Re: [PATCH 6.15] mm/vma: add give_up_on_oom option on modify/merge, use in uffd release

"Liam R. Howlett" <Liam.Howlett@xxxxxxxxxx> · Fri, 21 Mar 2025 11:27:34 -0400

+cc Peter due to uffd interests

* Pedro Falcato <pfalcato@xxxxxxx> [250321 07:26]:
> On Fri, Mar 21, 2025 at 10:09:37AM +0000, Lorenzo Stoakes wrote:
> > Currently, if a VMA merge fails due to an OOM condition arising on commit
> > merge or a failure to duplicate anon_vma's, we report this so the caller
> > can handle it.
> > 
> > However there are cases where the caller is only ostensibly trying a
> > merge, and doesn't mind if it fails due to this condition.
> >
> 
> Ok, so here's my problem with your idea: I don't think merge should be exposed
> to vma_modify() callers. Right now (at least AIUI), you want to modify a given
> VMA, you call vma_modify(), and it gives you a vma you can straight up modify
> without any problems. Essentially breaks down any VMAs necessary. This feels
> contractually simple and easy to use, and I don't think leaking details about
> merging is the correct approach here.
> 
> > Since we do not want to introduce an implicit assumption that we only
> > actually modify VMAs after OOM conditions might arise, add a 'give up on
> > oom' option and make an explicit contract that, should this flag be set, we
> > absolutely will not modify any VMAs should OOM arise and just bail out.
> >
> 
> Thus, to me the most natural solution is still mine. Do you think it places too
> many constraints on vma_modify()? vma_modify() on a single VMA, without
> splitting, Just Working(tm) is a sensible expectation (and vma_merge being fully
> best-effort). Things like mprotect() failing due to OOM are also pretty disastrous,
> so if we could limit that it'd be great.
> 
> In any case, your solution looks palatable to me, but I want to make
> sure we're not making this excessively complicated.

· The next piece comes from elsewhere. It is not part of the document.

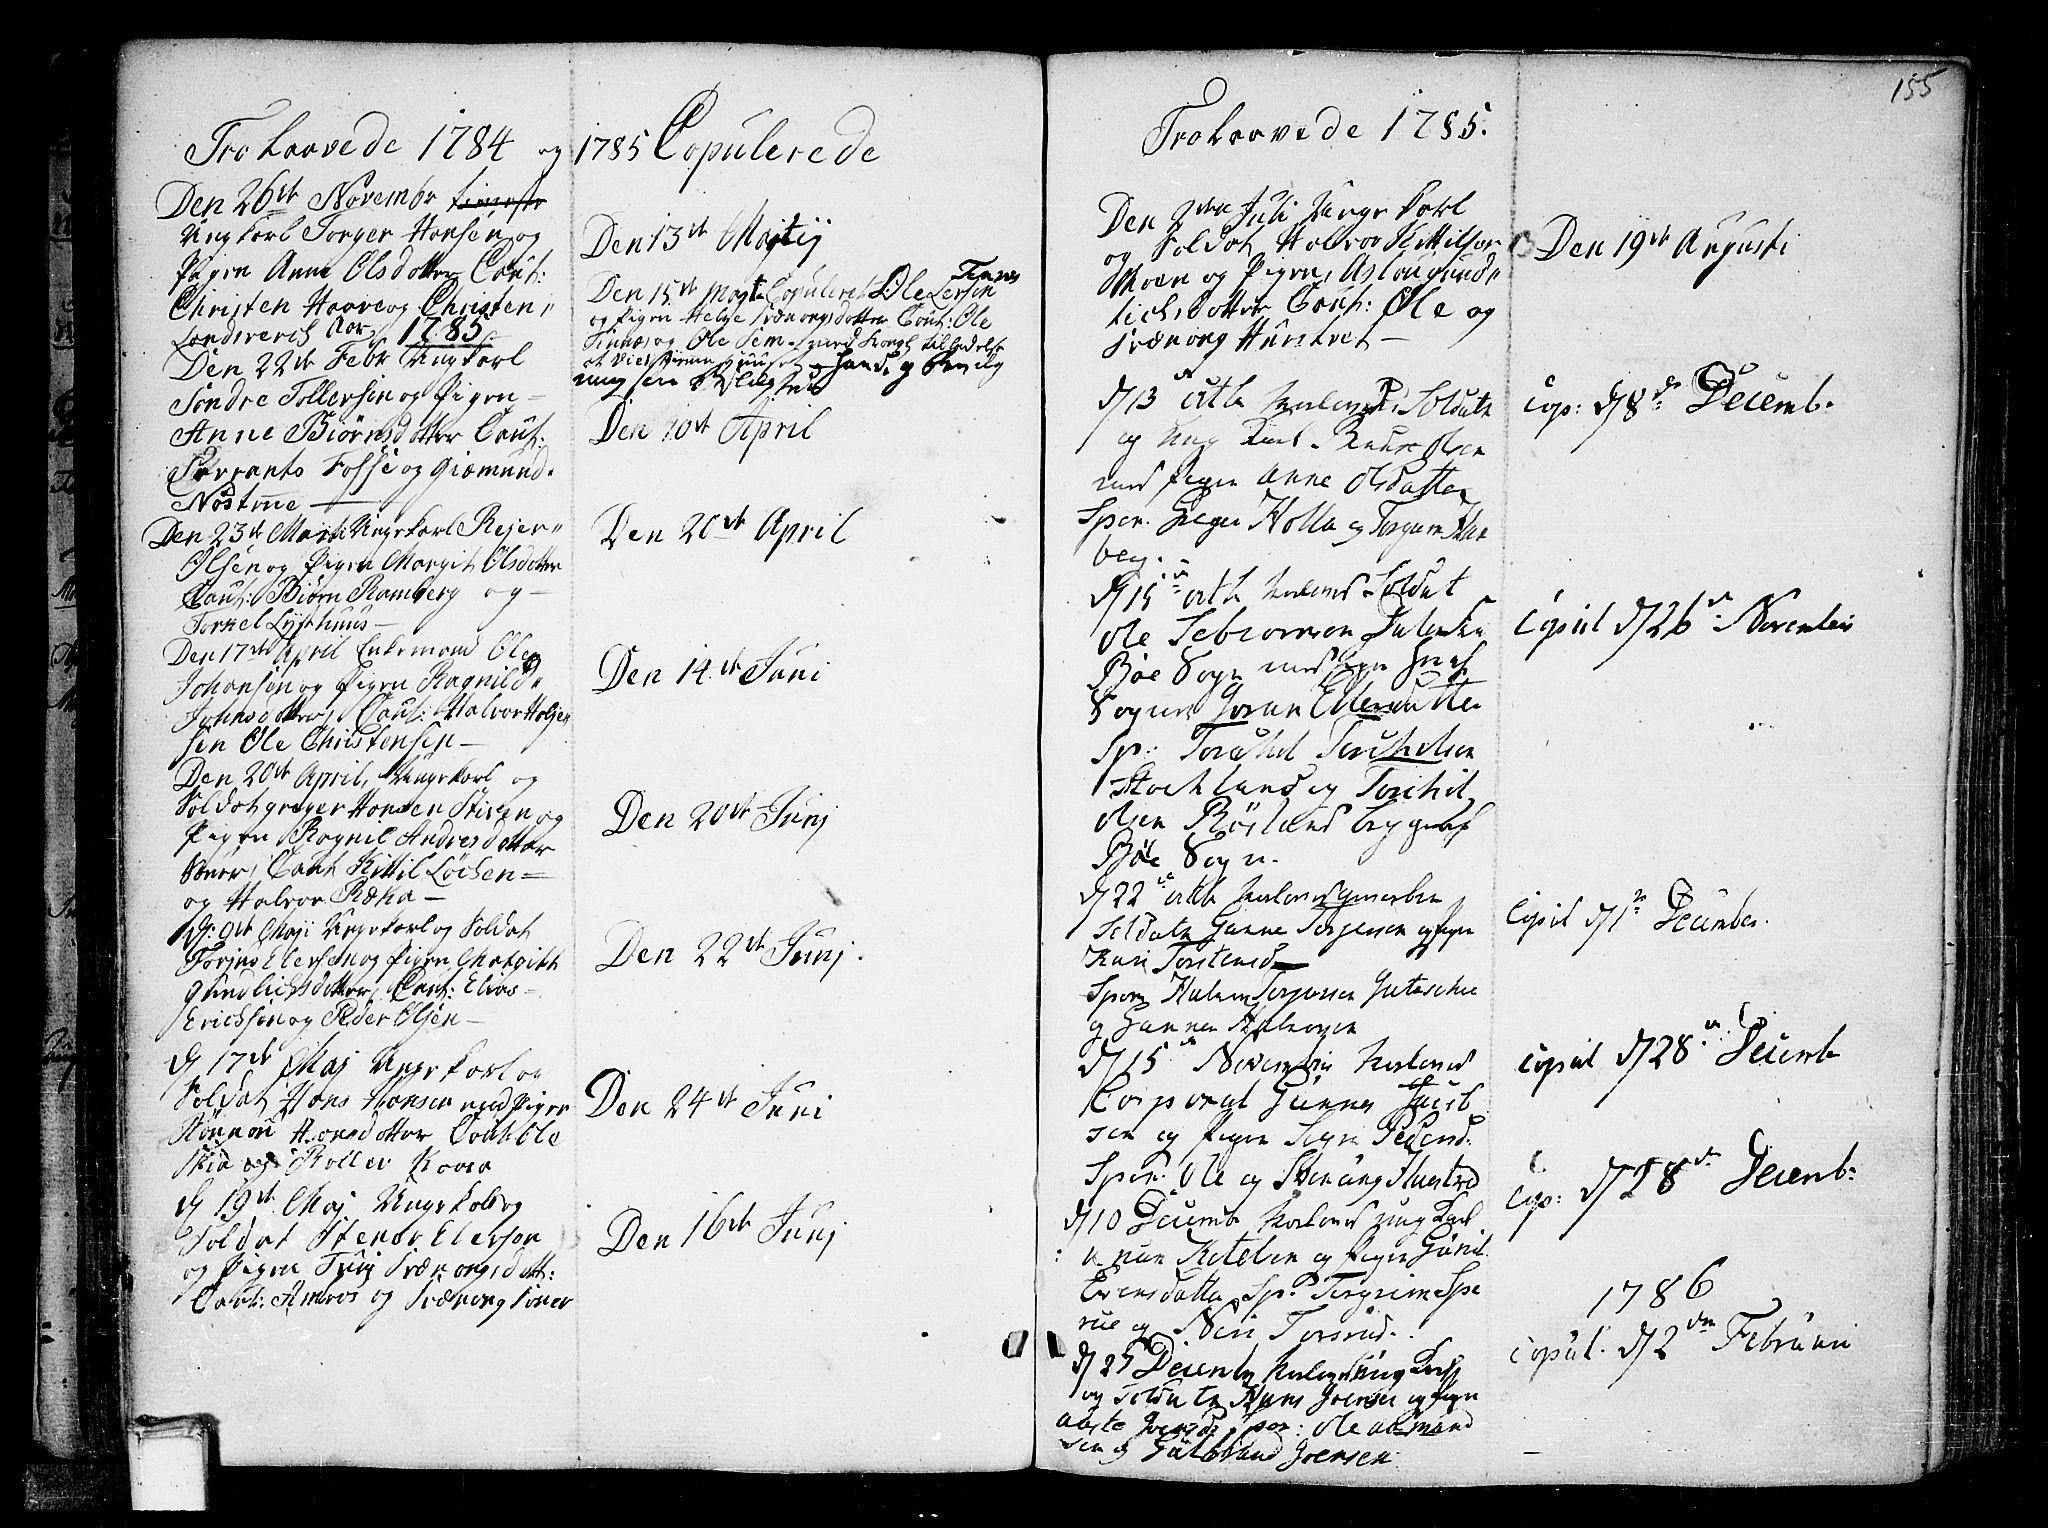 SAKO, Heddal kirkebøker, F/Fa/L0004: Ministerialbok nr. I 4, 1784-1814, s. 155

Either solution is fine with me, but...

I hate both of them, and I (mostly) blame uffd.  Some blame is on syzbot
for exposing me to this unreachable failure. ;-)

I think Lorenzo's patch points out that we should have a better way to
deal with a return and a vma pointer and we basically have that a lot of
other places with the structures that we thread through to deal with
mostly unreachable errors that syzbot injects.  I dislike flags passed
in to treat things differently.  We are adding an 8th argument to the
function (of type boolean) to work around this..

I think Pedro's patch is working around the same issue of return value
vs return pointers.  Other places we pass in &prev and just do what we
need to in the caller and just check the return value - which I also
hate, especially when you look at the assembly generated to deal with a
"non-problem" problem.

I have no better solution and need to spend more time looking into it,
but the number of times we have syzbot failing a random allocation and
finding issues.. well, it's basically a class of bugs we handle very
poorly throughout our stack.

Realistically, I *hope* that Lorenzo's additional argument will make
code authors think twice about the failure scenario when calling the
function.

Pedro's code fixes this caller, but leaves the possibility of someone
missing this again in the future, I think?  This could be made more
obvious with some clever naming of functions, perhaps try_<something>?

We are essentially avoiding the compiler from catching the error for us
by returning that ERR_PTR(), which (keeping with the theme of my email)
I hate.  It's fine for little functions but we've made a mess of it too
often.

Reality will probably not align with the realistic view and people will
just copy/paste from wherever they saw it called... so we should think
twice about the failure scenarios on code review and I think a flag
(or a function name change?) might make this more obvious.

Thanks,
Liam